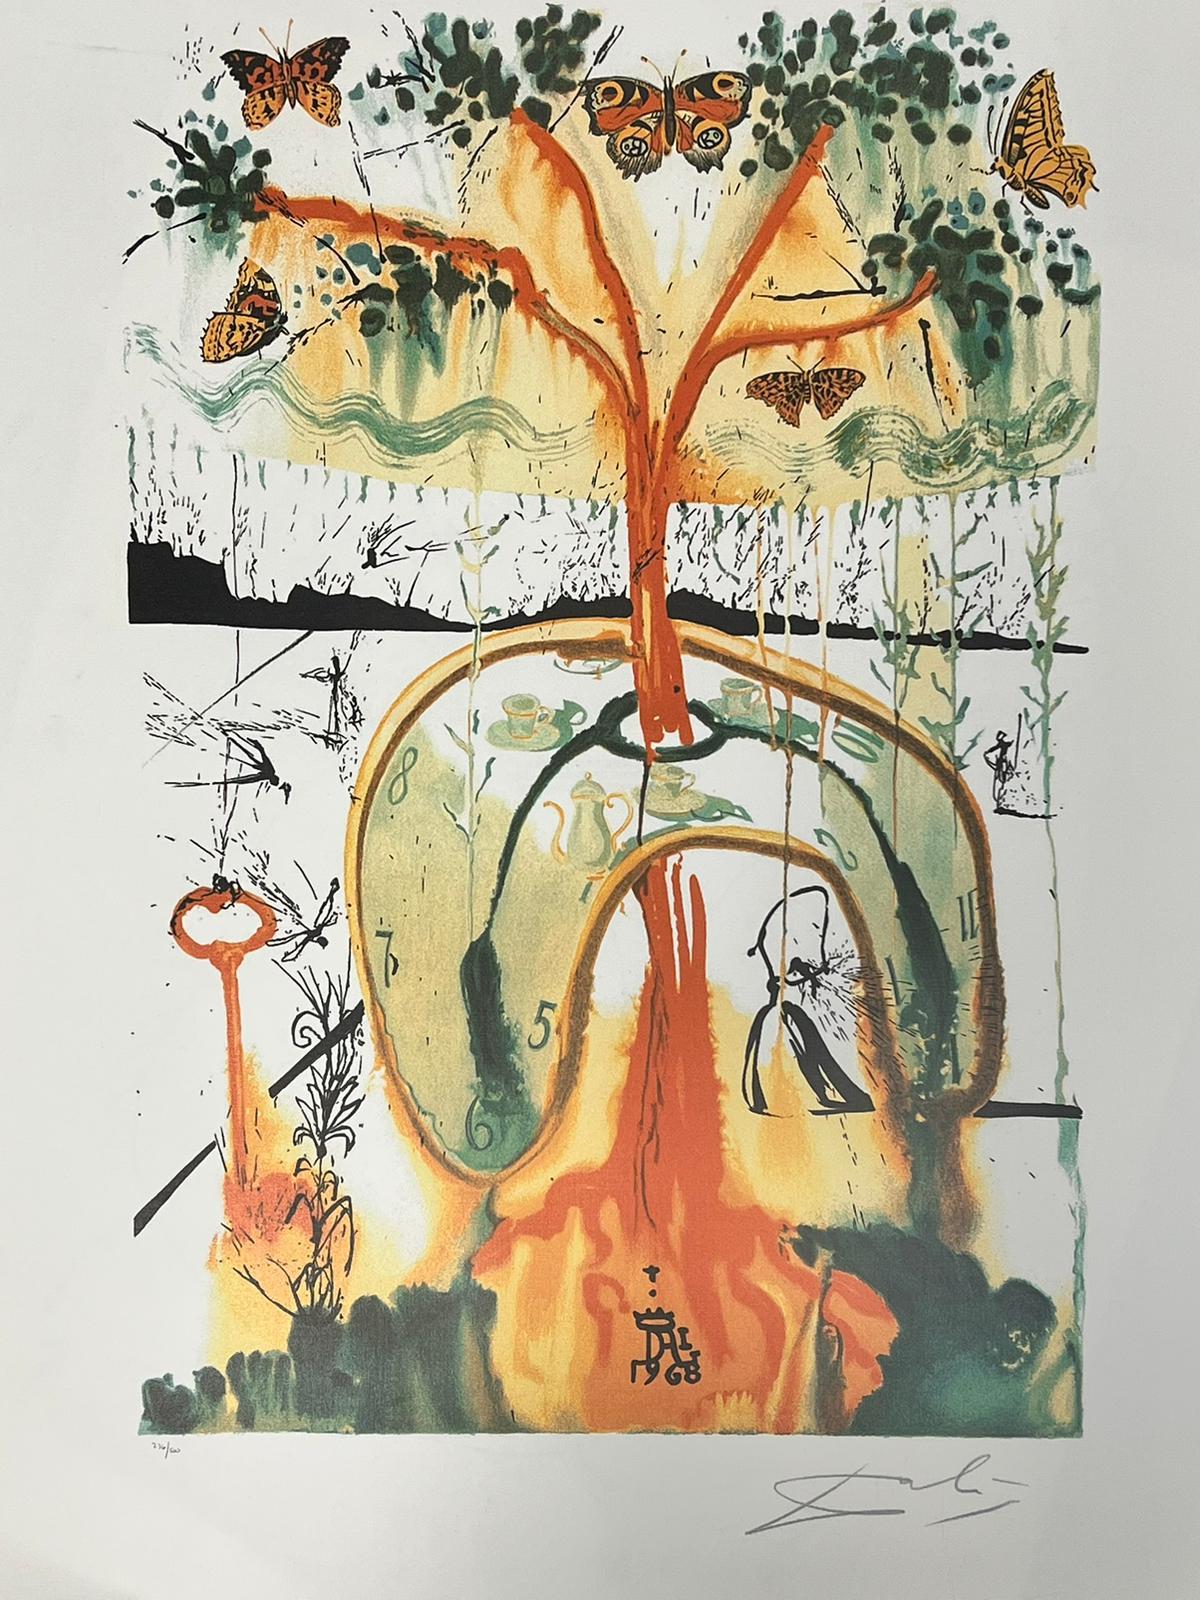 
After Salvador Dali (1904 - 1989)
limited edition colored lithograpg on thick paper, unframed
print: 29.5 x 21.5 inches
provenance: private collection, France
condition: very good and sound condition

----------------------------------------

• _TASK INSTRUCTIONS_: Only the lines from the one containing "limited edition colored" through the last line of the records above are to be reproduced, exactly and with both ends included.

• _TASK RESPONSE_:
limited edition colored lithograpg on thick paper, unframed
print: 29.5 x 21.5 inches
provenance: private collection, France
condition: very good and sound condition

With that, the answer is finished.